Xgboost: How can the predcition score of the leaf in the first tree be negative?

Created on 14 Oct 2015 · 7Comments · Source: dmlc/xgboost

It has confused me for a long time, and I put this question here to make it be answered as soon as possible.
I use ad-click data to do the experiment, and set the loss function as "binary:logistic". I dump the model and find many scores of leaves in the first tree in negative. It really confused me, I think the score is the mean of target values of samples which corresponding to the leaf. So, it mustn't be negative in the first tree.
I want to know how the leaf score is calculated? Is this any papers introduce this. Please let me know.
Tanks!

Source

wenmin-wu

Most helpful comment

The sum of leaf score is the score before logistic transformation.

tqchen on 14 Oct 2015

👍6

All 7 comments

The sum of leaf score is the score before logistic transformation.

tqchen on 14 Oct 2015

👍6

@tqchen Sorry, I still can't understand it. What does "the sum of" mean? Does it mean the final prediction score is equal to the logistic transformation of the sum of leaves scores? However, I still don't know how the leaf score is calculated. Can you give me some materials which introduce this?
Thanks!

wenmin-wu on 14 Oct 2015

http://xgboost.readthedocs.org/en/latest/model.html

tqchen on 14 Oct 2015

For one instance, the values of corresponding leaf are sumed together to get a score hat{y}, then probability is the logistic transformation of hat{y}

tqchen on 14 Oct 2015

👍2

One follow-up on this thread: How about when shrinkage is not 1? If it's still just a sum, then I assume shrinkage is already lumped into leaf value?

profyao on 2 Jun 2017

@profyao I have just read the related code as following, your assumption is right, it's still just a sum. We can reduce a multiply operation for each instance in the prediction period if the shrinkage has already lumped into leaf value.
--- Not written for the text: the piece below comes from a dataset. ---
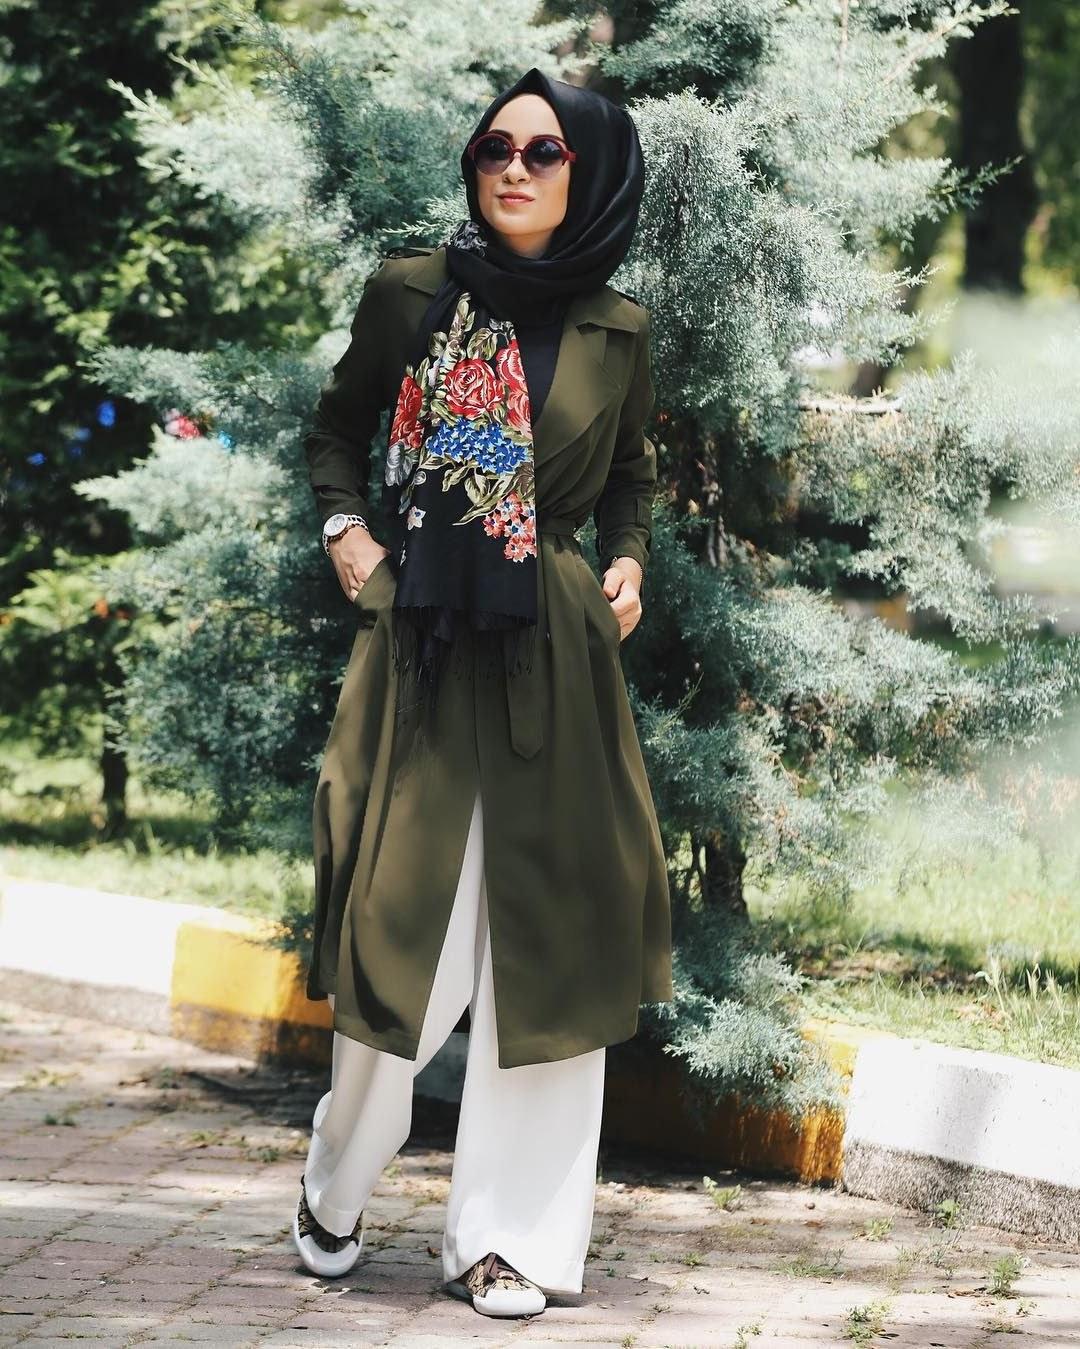 Bentuk Fashion Muslimah Modern S5d8 See This Instagram Photo by Senaseveer • 4 708 Likes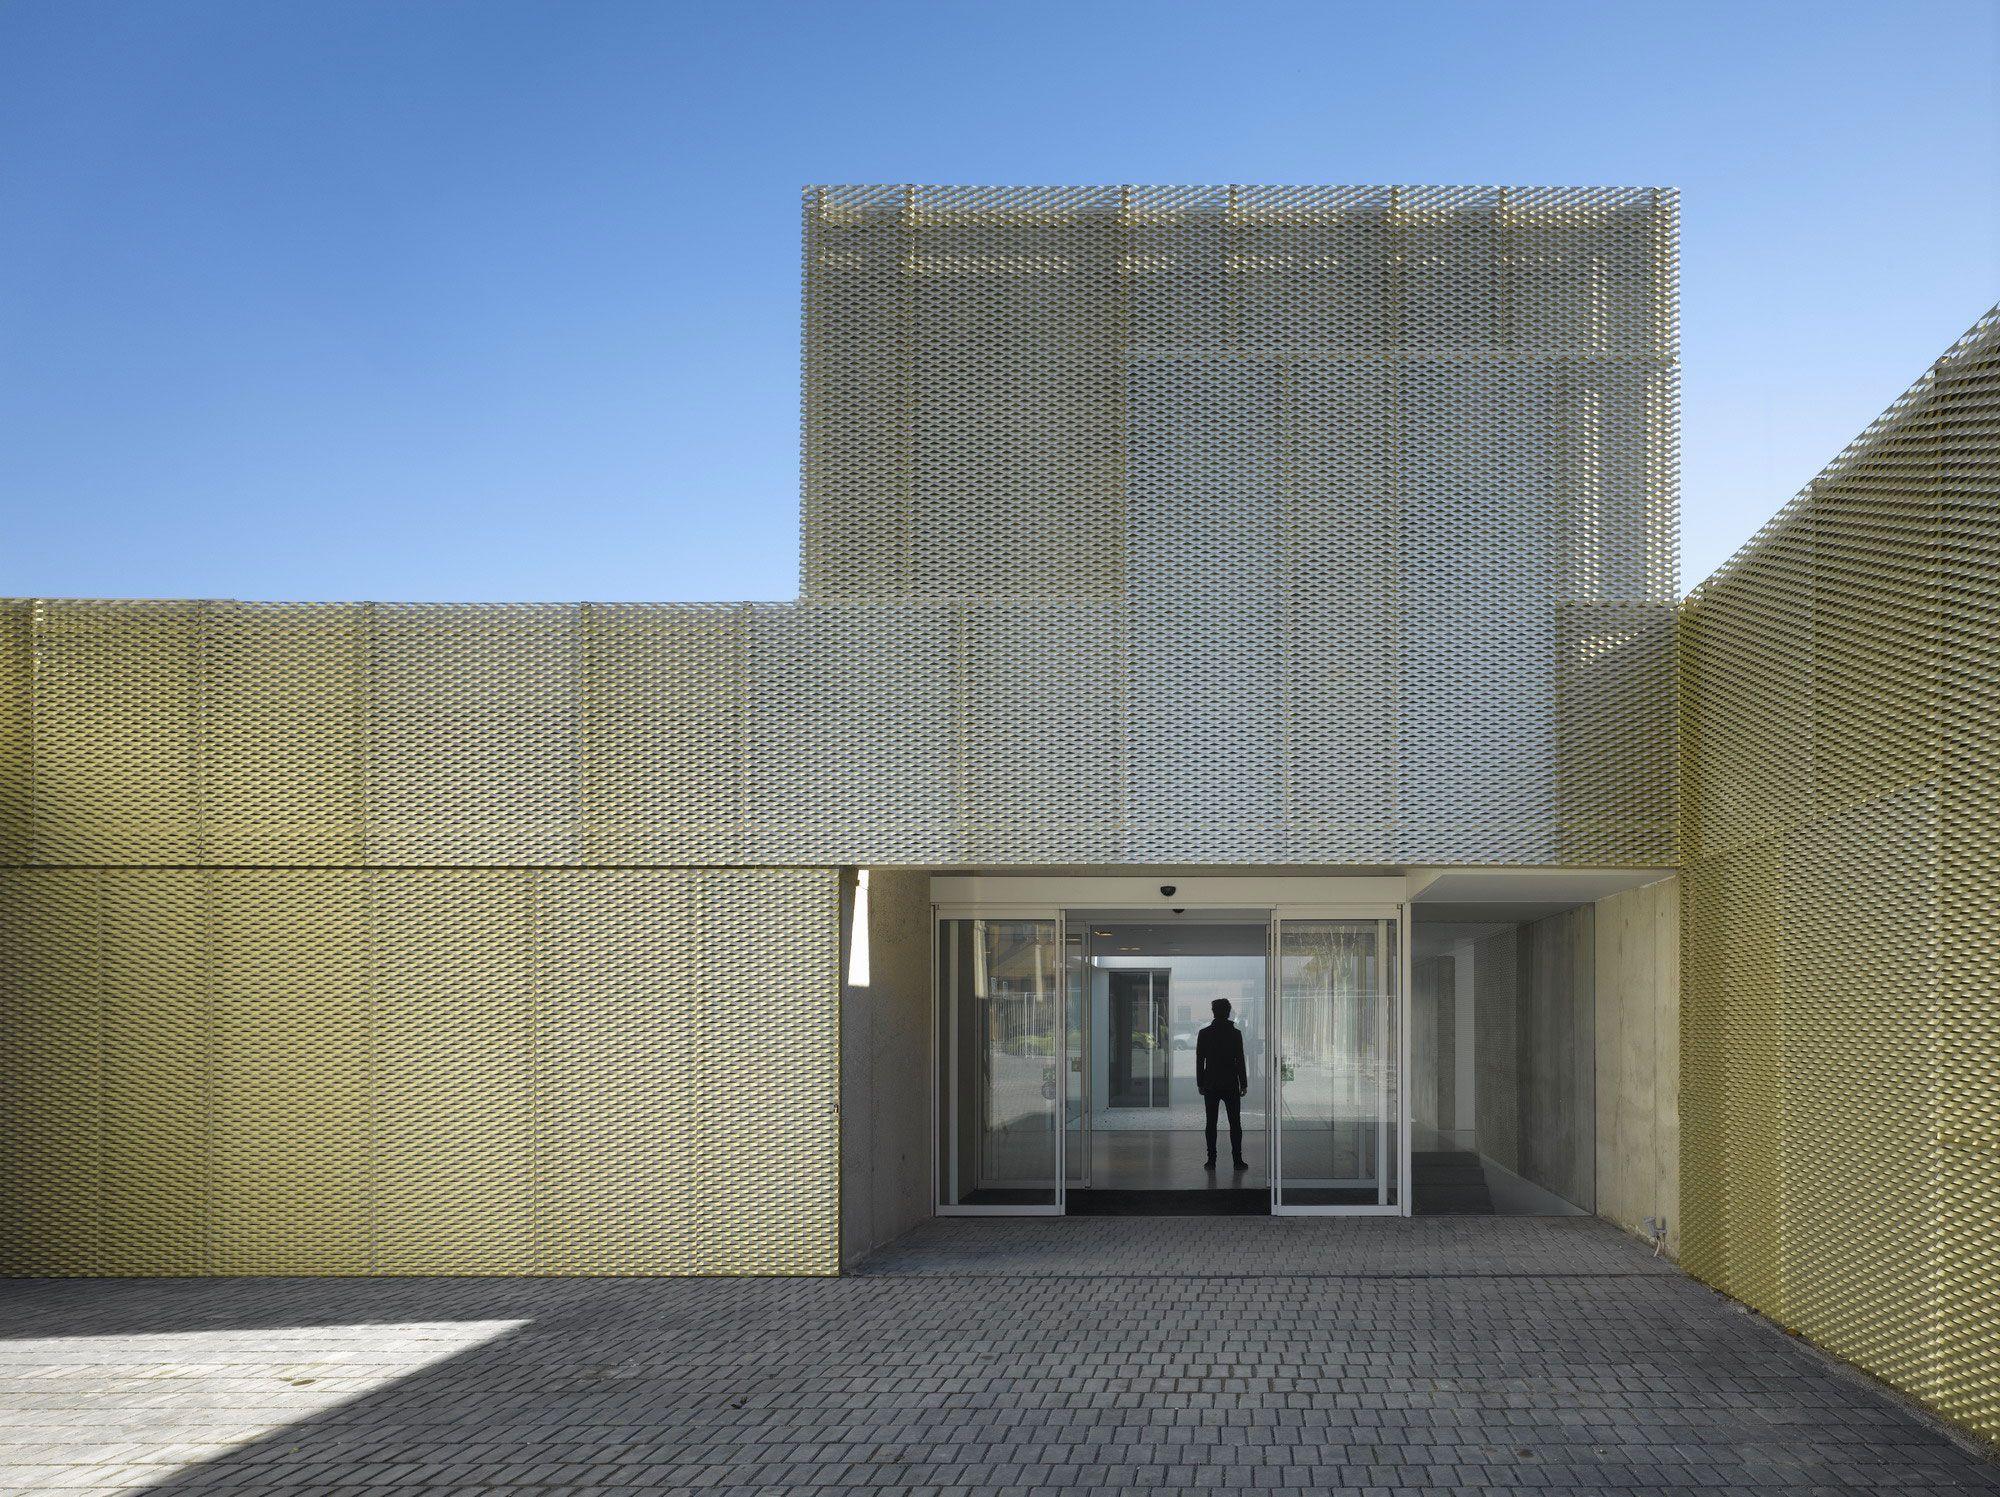 Municipal Health-care center in Usera by ESTUDIO ENTRESITIO

 // file: gbtree.cc, from line 513 to line 530
 // make a prediction for a single instance
  inline bst_float PredValue(const RowBatch::Inst &inst,
                             int bst_group,
                             unsigned root_index,
                             RegTree::FVec *p_feats,
                             unsigned tree_begin,
                             unsigned tree_end) {
    bst_float psum = 0.0f;
    p_feats->Fill(inst);
    for (size_t i = tree_begin; i < tree_end; ++i) {
      if (tree_info[i] == bst_group) {
        int tid = trees[i]->GetLeafIndex(*p_feats, root_index);
        psum += (*trees[i])[tid].leaf_value();
      }
    }
    p_feats->Drop(inst);
    return psum;
  }

wenmin-wu on 4 Jun 2017

I'm not sure if it's suitable to ask this question here, but I think it's somehow related:
Given that the final output prediction value of a sample is a logistic transformation of the sum of values of leaves the sample fall in, so even we find some negative values in trees, we shouldn't get any negative prediction value, is this argument correct?
But I actually get some negative prediction value, what situation may I be caught in ?
Thank you~